- Work instructions:
I'd like the listing below copied exactly, with the images left out.

- Data:
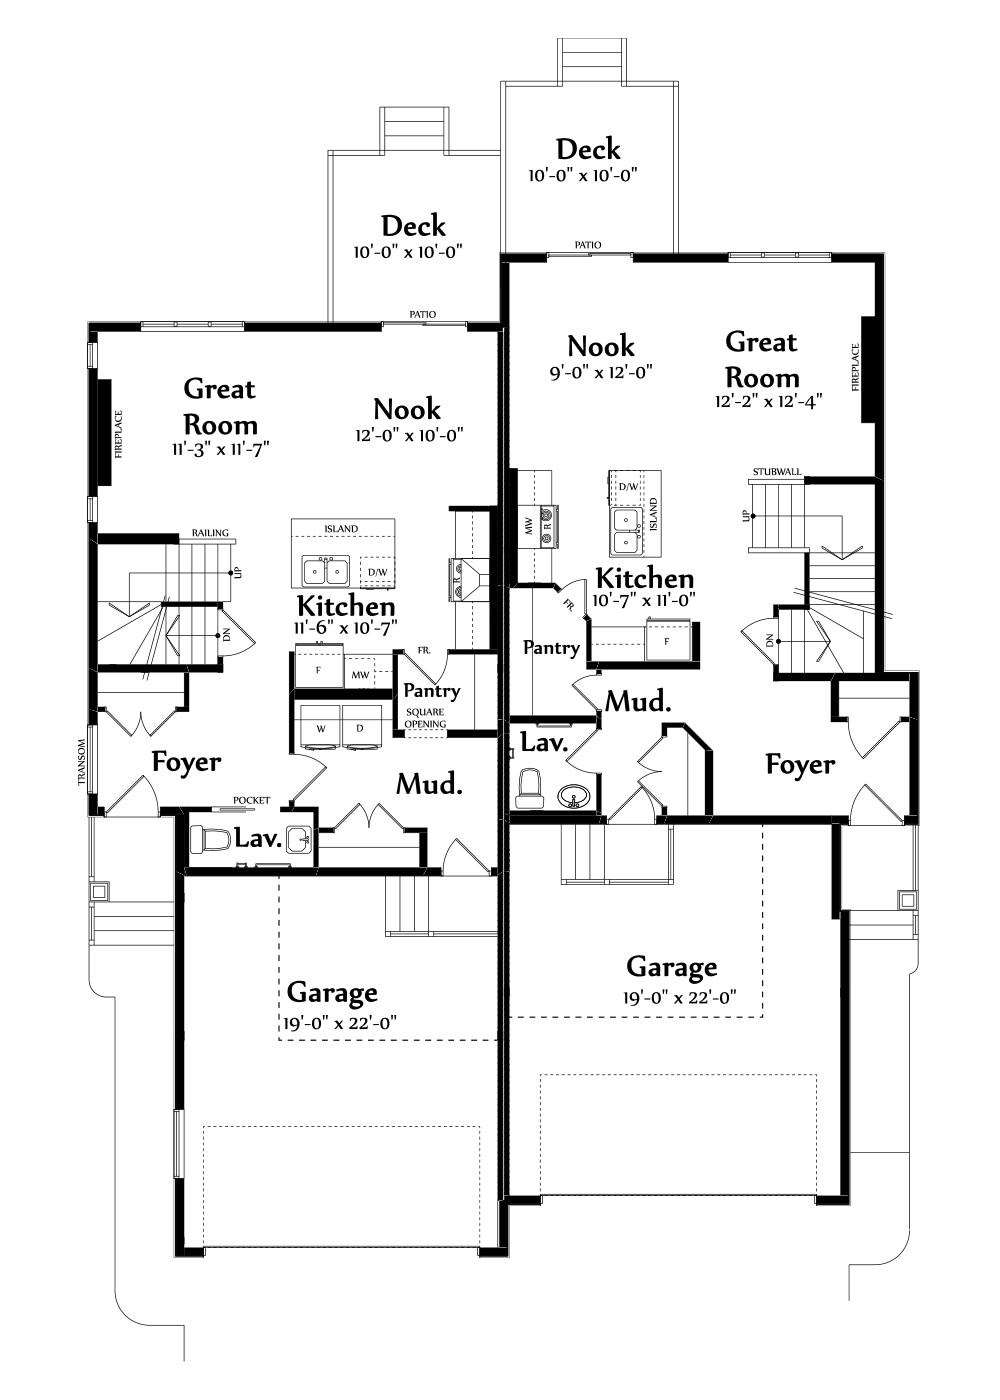 LucasEmmersonC main floorplan 751 744
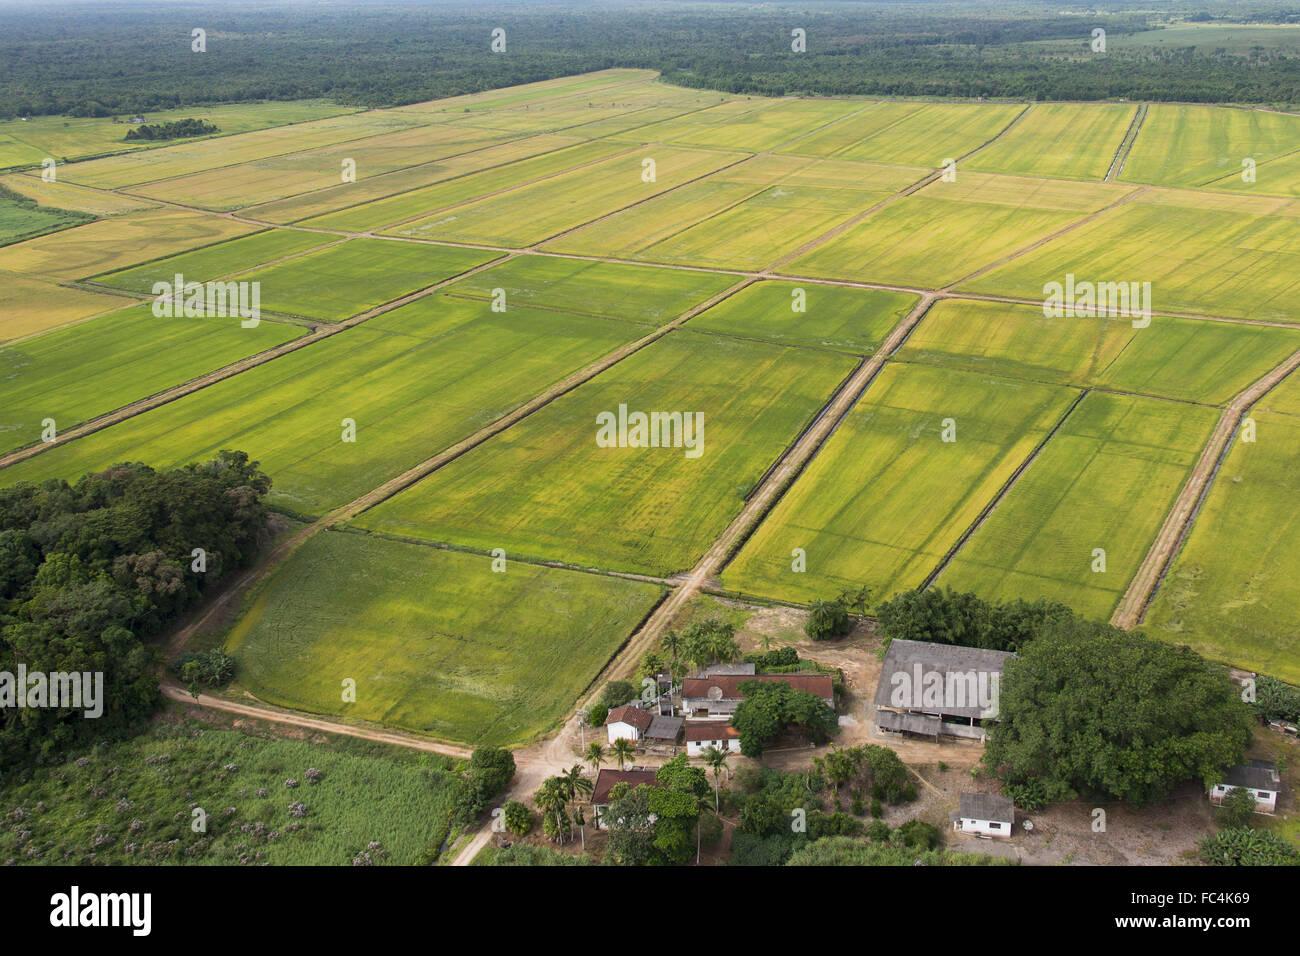 Plantation of rice in coastal plain and thirst farm in rural Iguape - Stock Image
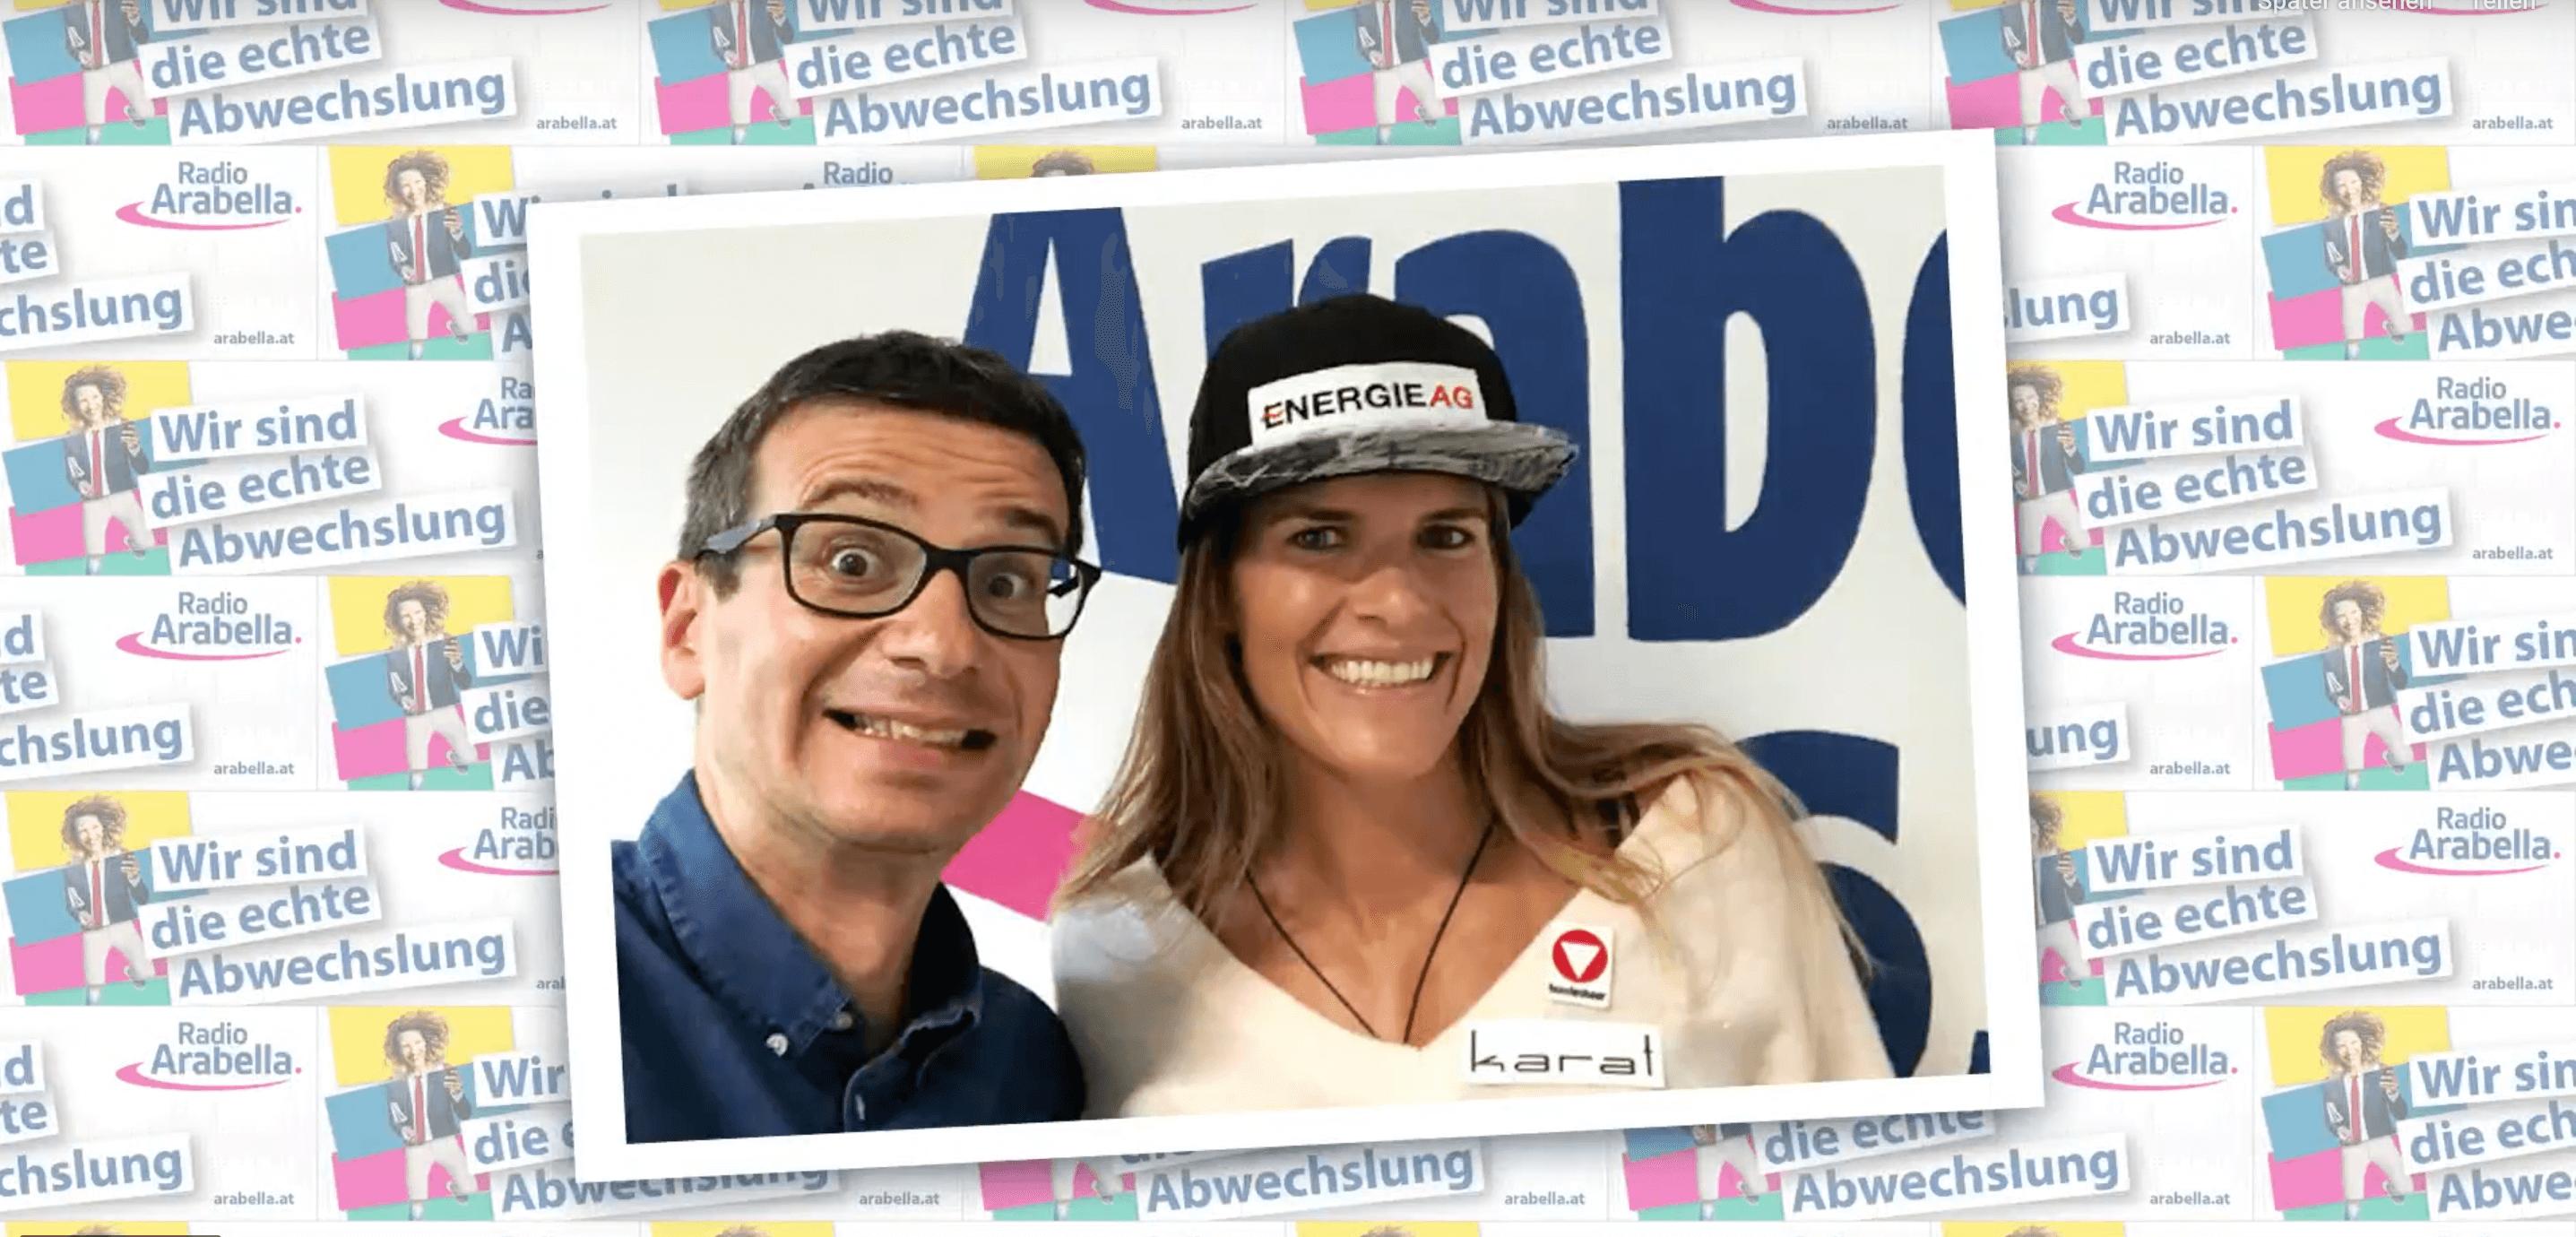 Radio Arabella: Hitparade meines Lebens
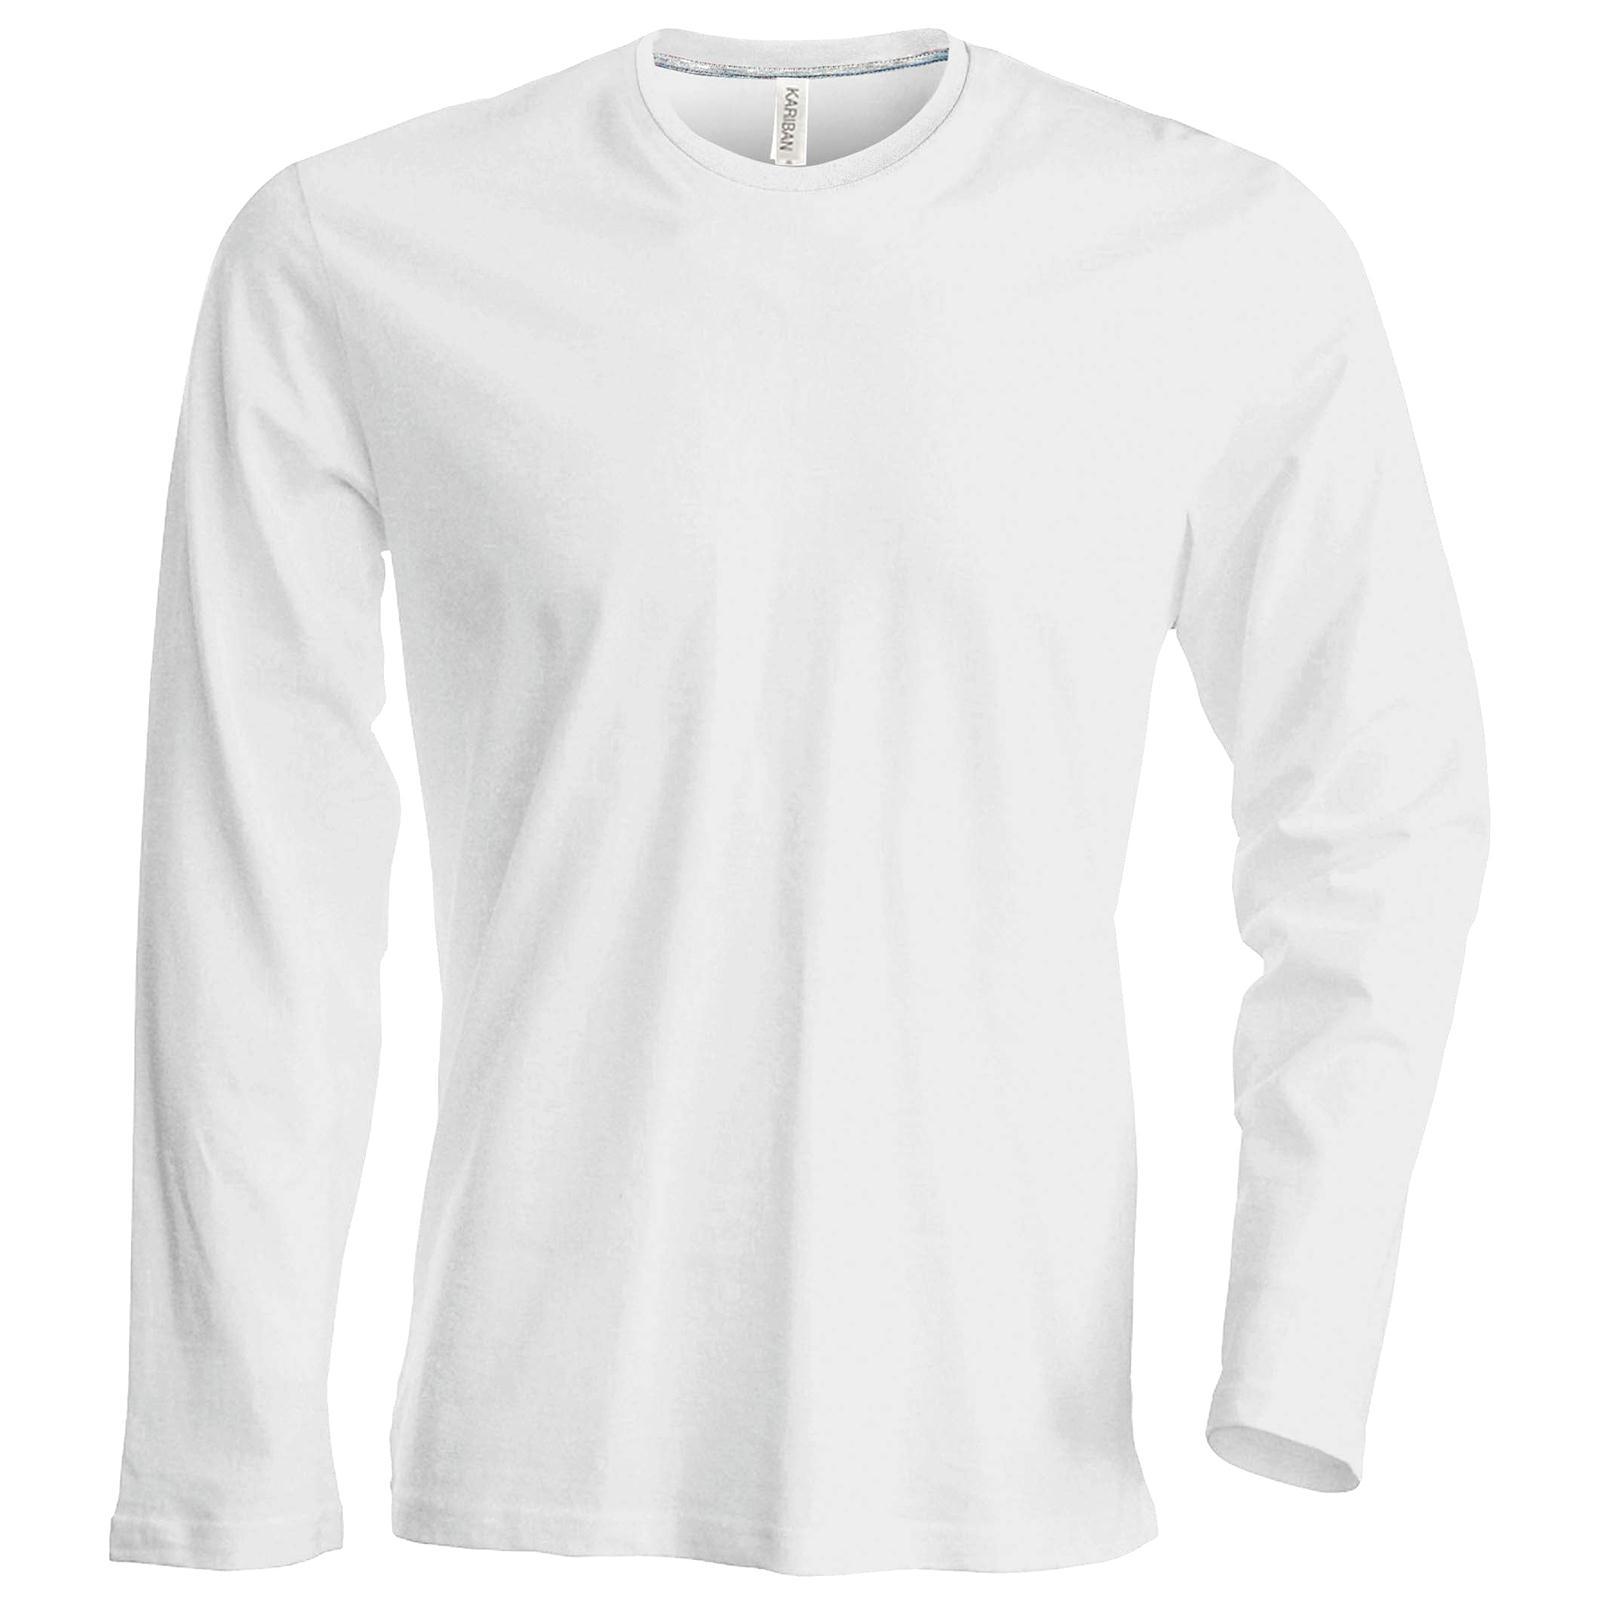 New kariban mens cotton long sleeve slim crew neck t shirt for White cotton long sleeve t shirt

- Task result:
 LucasEmmersonC main floorplan 751 744
 Plantation of rice in coastal plain and thirst farm in rural Iguape - Stock Image
 Radio Arabella: Hitparade meines Lebens
 New kariban mens cotton long sleeve slim crew neck t shirt for White cotton long sleeve t shirt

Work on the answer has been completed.